Где еще почитать?

Подписка на этот блог

eelmaa.life → место, где живут мои тексты

eelmaa.life → место, где живут мои тексты

Читая «Подстрочник»

По-моему, уже в третий раз с большим удовольствием перечитал «Подстрочник» Олега Дормана — текстовую расшифровку одноименного фильма-интервью Лилианны Зиновьевны Лунгиной. Это прекрасный документ, подробное воспоминание «частного человека против тысячелетнего рейха», ощущение абсолютно своего, теплого и близкого собеседника, которого нормальному человеку только можно представить. Полностью видео есть на торрентах (на Youtube не нашел), текст есть и в Сети.
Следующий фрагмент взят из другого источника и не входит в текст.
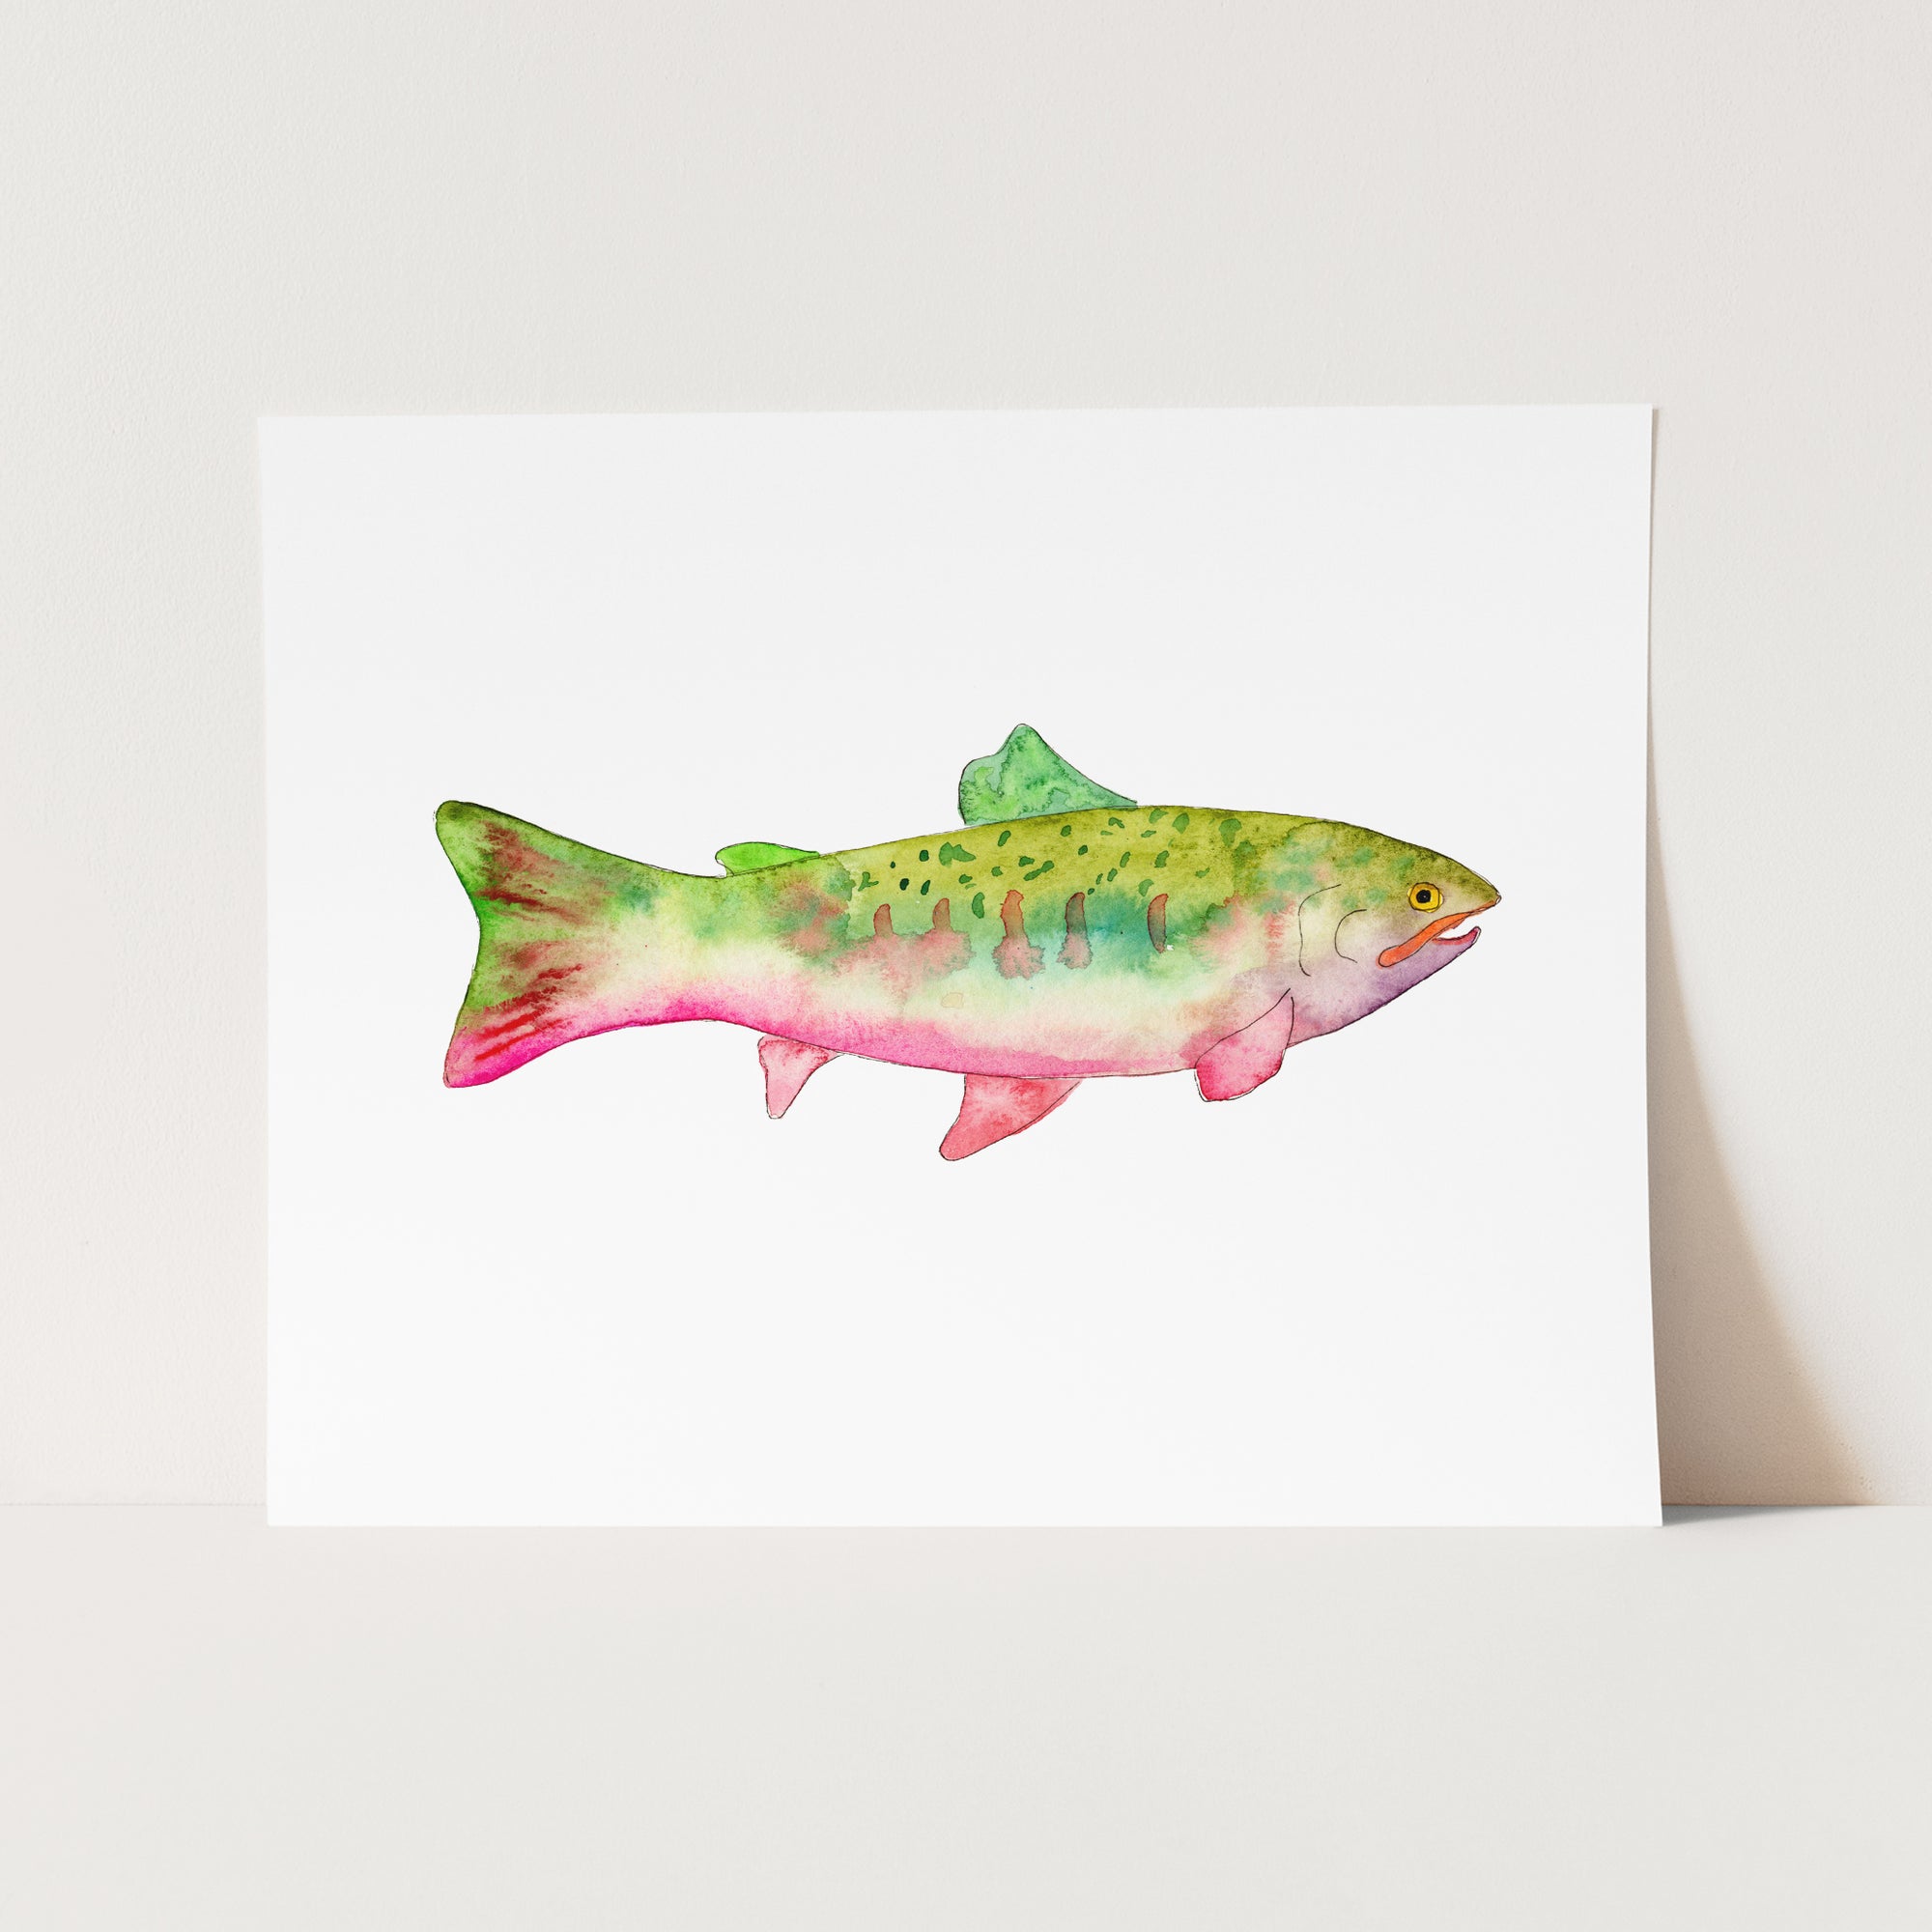 a card with a watercolor painting of a fish

Книга поделена на части, приведу фрагмент № 40.

Теперь я хочу рассказать о смерти Сталина.

Значит, были сводки «болен, болен, болен», «товарищ Сталин без сознания» и так далее. Страна замерла. В метро, в автобусе, в столовых разговаривали вполголоса, почти не глядя друг на друга. Церкви были полны: молились о его выздоровлении.

И вот он умер. Надо сказать, что ужас и горе народное не имели себе равных. Вообще ведь дела были неважные. И жить было довольно трудно и страшно. Тем не менее не только в широком народе, но и в интеллигентских кругах все были совершенно убиты. Казалось — были такие наивные представления, — что Сталин удерживает. Что есть там Берия и прочие, которые куда хуже, и только благодаря Сталину все удерживается на грани.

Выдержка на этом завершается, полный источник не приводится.